Republicans are, of course, fundamentally pro-corporate, even more so than modern Democrats. But to go to bat this hard on behalf of an industry seems anomalous even for them. All a congressman usually has to do for his biennial bribe is vote in a corporation's interests, not engage in tantrum theatrics. There's more than pedestrian corruption at work here.

Of course, there is the terror issue, and in a most perilous election year, Republicans would like nothing more than to be able to run on the "Dems are sissies" platform. If they can keep people frightened and badly misinformed, they may manage to make telecom amnesty into a winning issue for them come November.
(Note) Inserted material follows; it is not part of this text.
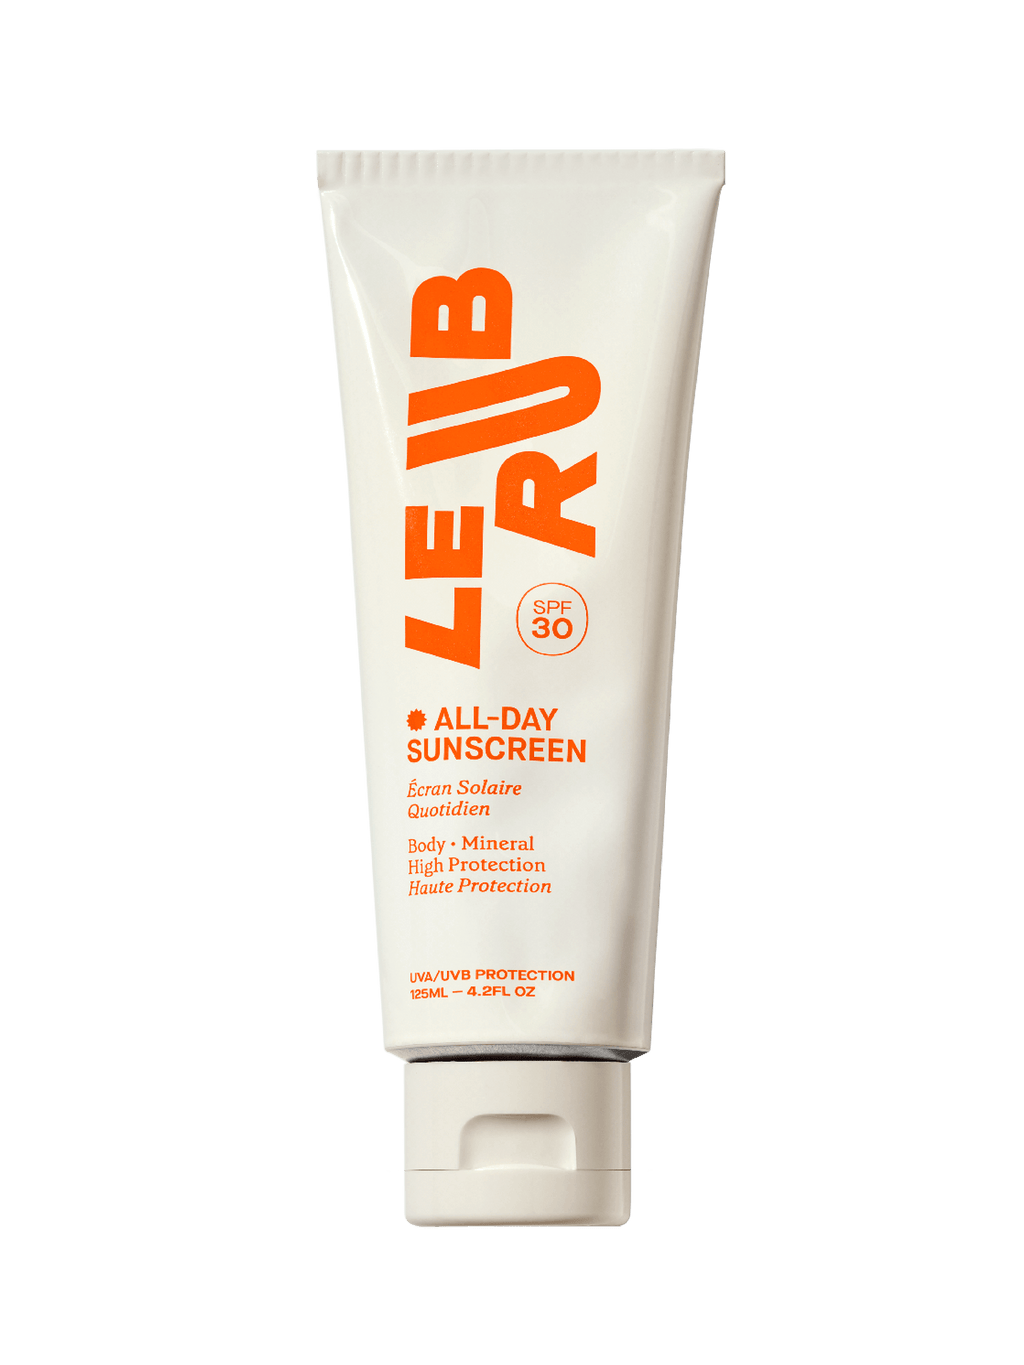 Le Rub All-Day Sunscreen SPF30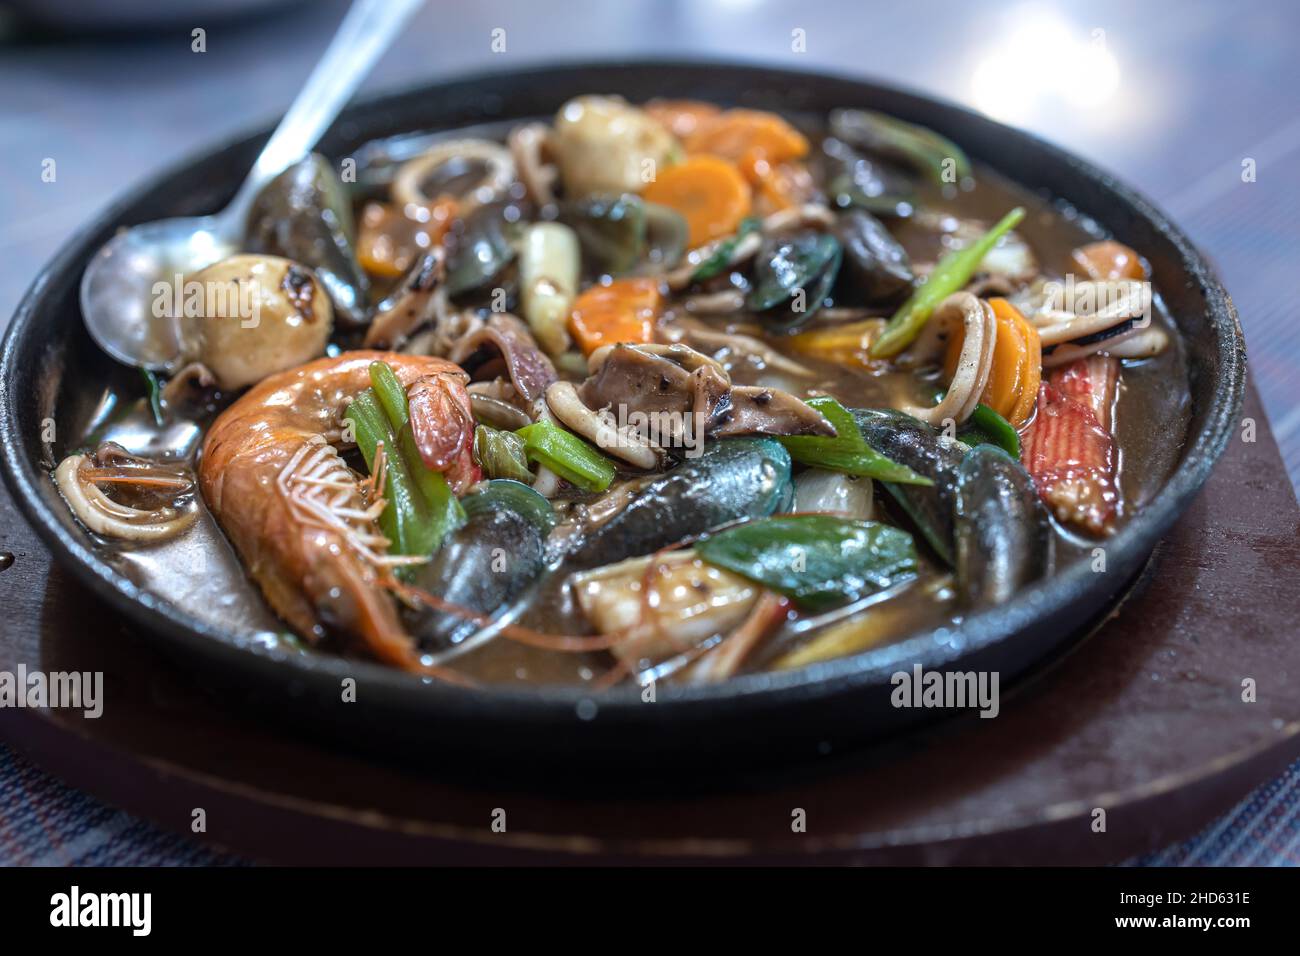 Filipino popular food sizzling mixed seafood at restaurant Stock Photo

But to do that, they have to lie. A lot. They have to feign outrage, and actual concern for the wellbeing of their fellow Americans. They're doing their level best. To hear Republicans tell it, requiring a rubber-stamp warrant, after the fact, to spy on Americans is like mailing plutonium to Iran. Bush's spiel was grade A horseshit from start to finish:

"Because Congress failed to act, it will be harder for our government to keep you safe from terrorist attack. At midnight, the Attorney General and the Director of National Intelligence will be stripped of their power to authorize new surveillance against terrorist threats abroad. This means that as terrorists change their tactics to avoid our surveillance, we may not have the tools we need to continue tracking them--and we may lose a vital lead that could prevent an attack on America…. Instead, the House held partisan votes that do nothing to keep our country safer. House leaders chose politics over protecting the country--and our country is at greater risk as a result."
Then sign the bill without the telecom amnesty provision, and work on that part later. If it's nearly as vital as Bush says, he's providing aid and comfort to the enemy by not compromising, right?